# Automatic Egg Turner vs Manual



## SilkieBoy (May 4, 2013)

So I am planning on setting 9 or so silkie eggs tomorrow! I was wondering if I will have better hatch results turner the eggs by hand 2-3 times a day or to place the eggs in my automatic eggs turner where the eggs sit pointy side down? I was reading that it is not a natural state for the eggs to be in, as under the hen they lay on their sides. These are silkie eggs, so they are slightly smaller than regular breed eggs. I have a hova bator 1588, if that helps!!! I was planning to set the humidity to 45-50 percent. I live in quite a dry area in Canada! 

Thanks for the advice!!!


----------



## GAchick (Jan 19, 2014)

I consistently get 85-90% in mine with an auto turner. I wouldn't hand turn on a bet. But then again, I'm lazy. lol Seriously though, with the results that I get with an auto turner I just don't see the point in making things harder for myself.

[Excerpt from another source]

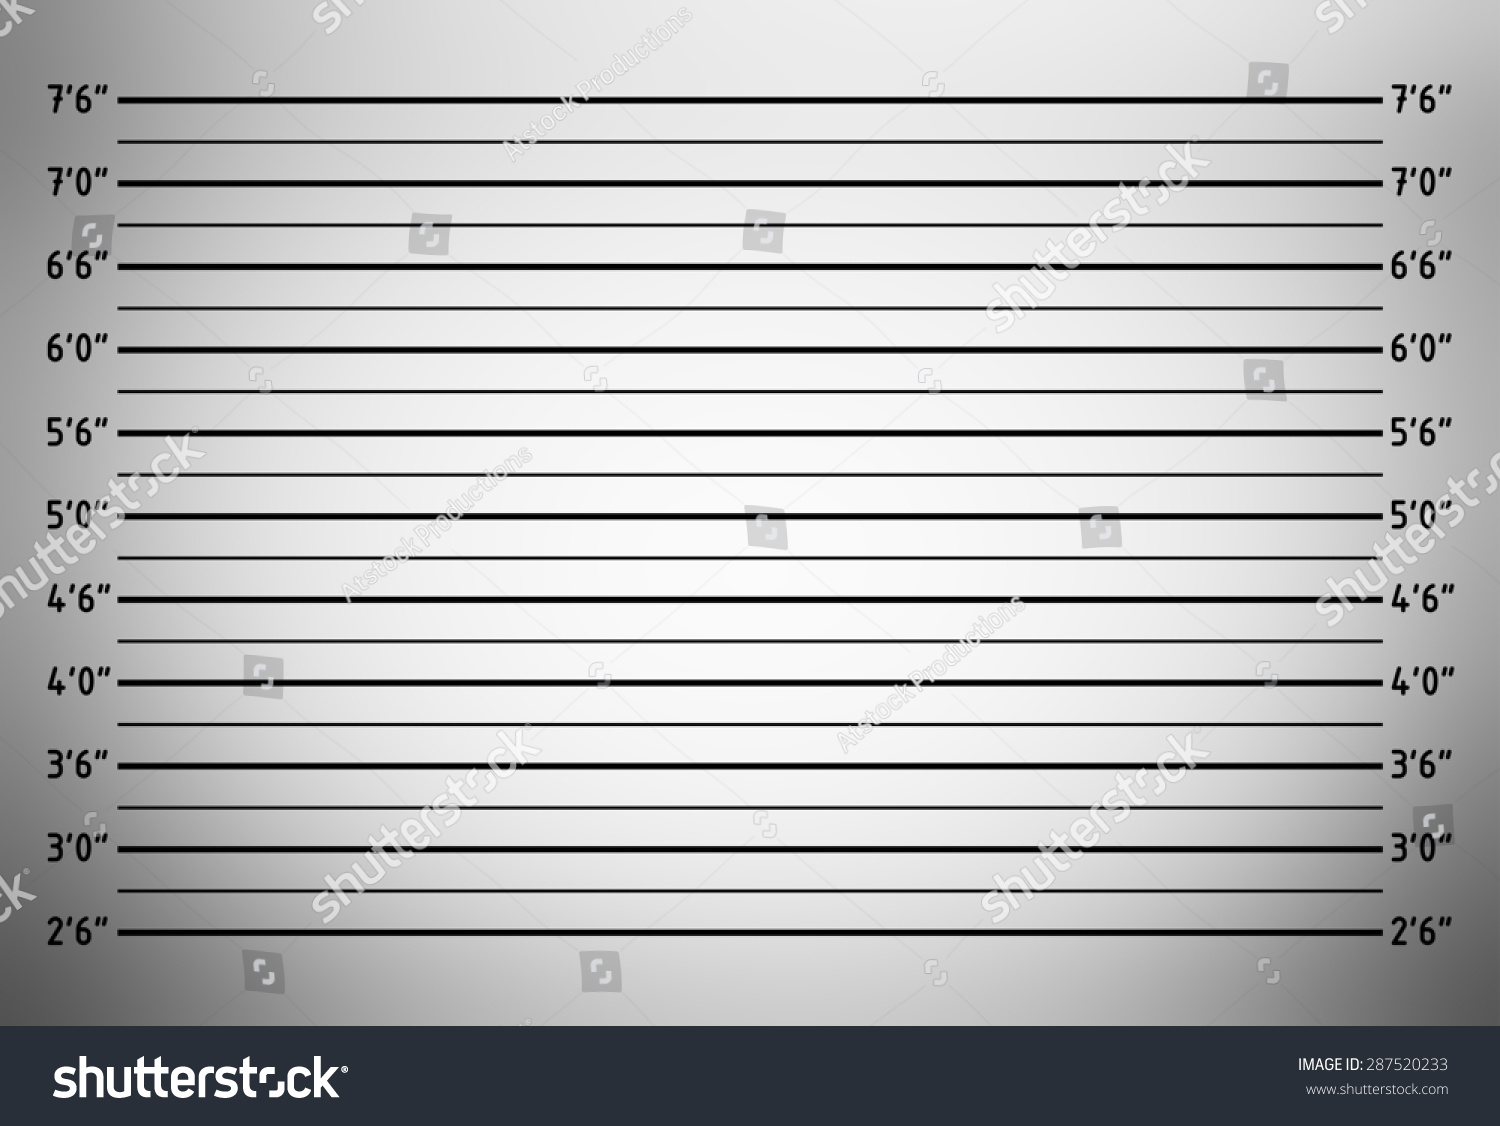 803 Police wall lineup Images, Stock Photos & Vectors | Shutterstock

And for the record, I've hatched Marans, Americauna, Silkie, Orpinton, and mixed breed eggs/chicks this way.


----------



## SilkieBoy (May 4, 2013)

Okay, great!


----------



## SilkieBoy (May 4, 2013)

What is a good humidity for hatching silkies?


----------



## matt_kas (Mar 11, 2013)

I keep mine around 50%RH until day 18


----------



## SilkieBoy (May 4, 2013)

Thanks!!! My humdity is at 47 now!!


----------